For instance, the wideband audio signal coding device and the wideband audio signal
decoding device according to the exemplary embodiments of the present invention may
be implemented as an ASIC or a programmable chip such as an ARM or DSP chip.
[0130] Additionally, the wideband audio signal coding device and the wideband audio signal
decoding device according to the exemplary embodiments of the present invention may
be implemented as software executable by a predetermined processor.
[0131] FIG. 12A illustrates frequency properties of a wideband audio signal used as an input
of a wideband audio signal coding device according to an exemplary embodiment of the
present invention.
[0132] FIG. 12B illustrates frequency properties of a narrowband signal from which high
frequency components of 4 to 8 kHz have been removed through the low pass filter 111
shown in FIG. 3.
[0133] The core coder 130 shown in FIG. 3 receives and compresses the narrowband signal
shown in FIG. 12B.
[0134] FIG. 12C illustrates a signal restored through the core decoder 520 shown in FIG.
7. That is, it can be seen from FIG. 12C that the high frequency components (that
is, 4 to 8 kHz frequency band) are not removed only by the core coder.
[0135] FIG. 12D illustrates frequency properties of the wideband audio signal restored from
the wideband audio signal decoding device shown in FIG. 7. It can be seen from FIG.

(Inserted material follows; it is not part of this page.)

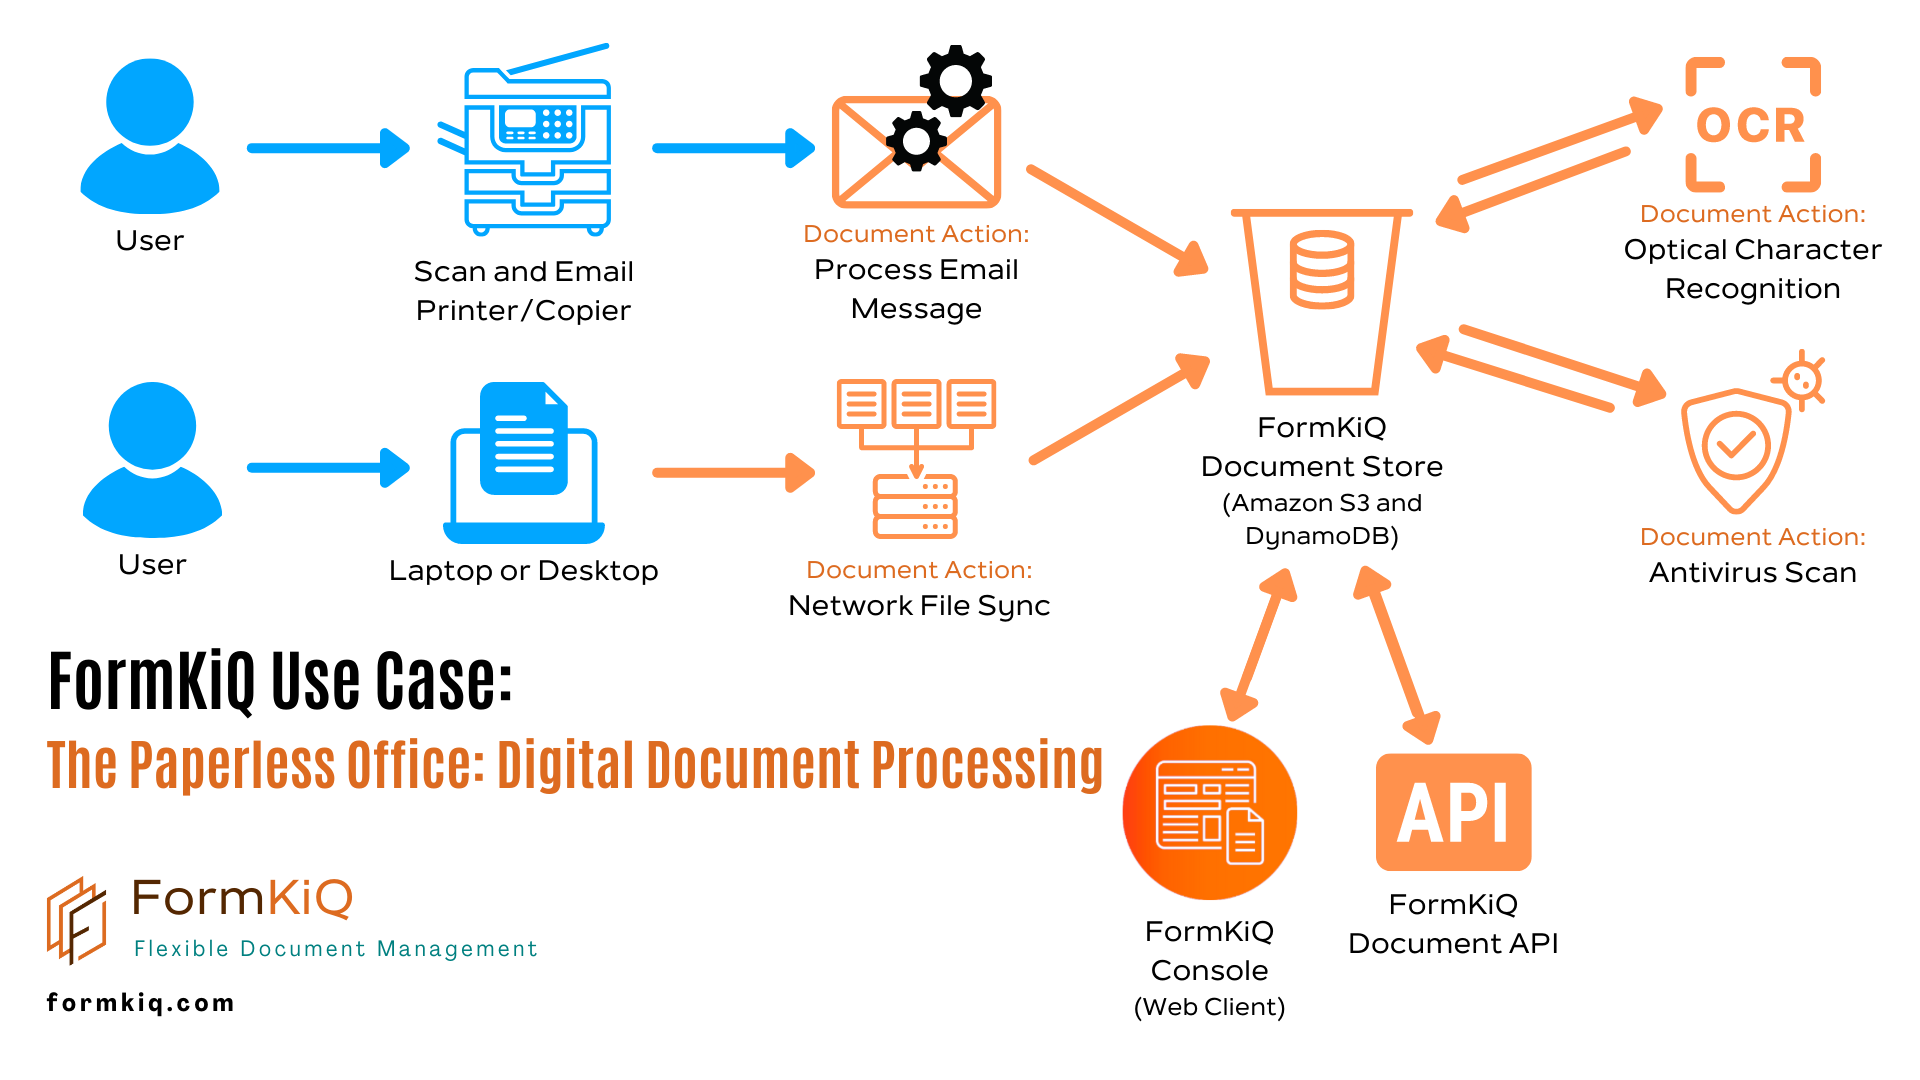 FormKiQ Use Case: Digital Document Processing Service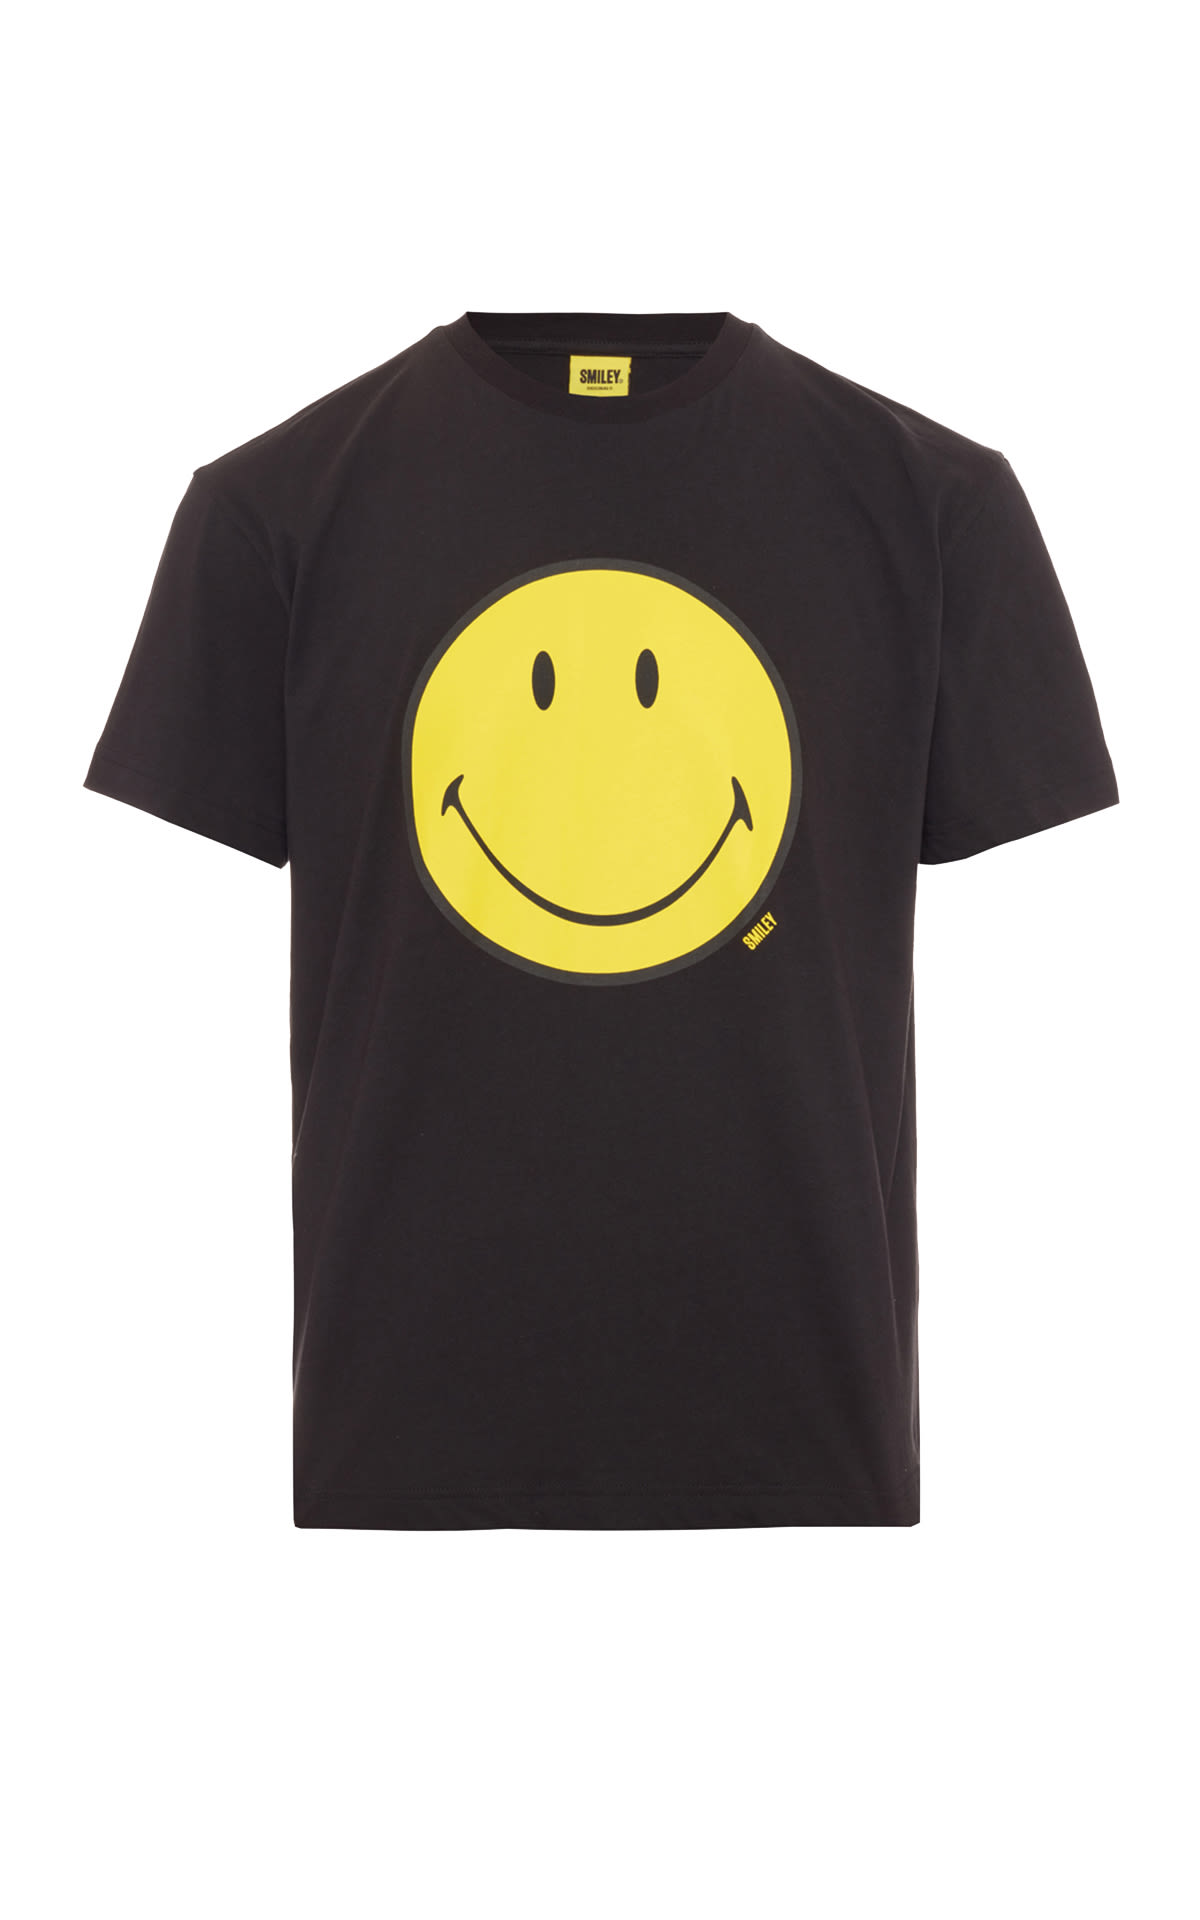 The Smiley Company black t-shirt La Vallée Village

12D that the signal restored in the core decoder 520 has the intensity of less than
-80dB in the high frequency components of 4 to 8 kHz as shown in FIG. 12C, however,
the signal restored through the wideband audio signal decoding device according to
the exemplary embodiments of the present invention is similar to the input signal
shown in FIG. 12A.
[0136] FIG. 13 is a graph illustrating a subjective performance evaluation result of a wideband
audio signal coding device according to an exemplary embodiment of the present invention.
[0137] In FIG. 13, a MUSHRA (Multiple Stimuli with Hidden Reference and Anchor) test, which
is a subjective evaluation standard, has been made for comparison in quality between
the wideband audio signal coding device according to the exemplary embodiment of the
present invention and G.729.1 layer 3 which has been expanded from G.729.1 layer 2.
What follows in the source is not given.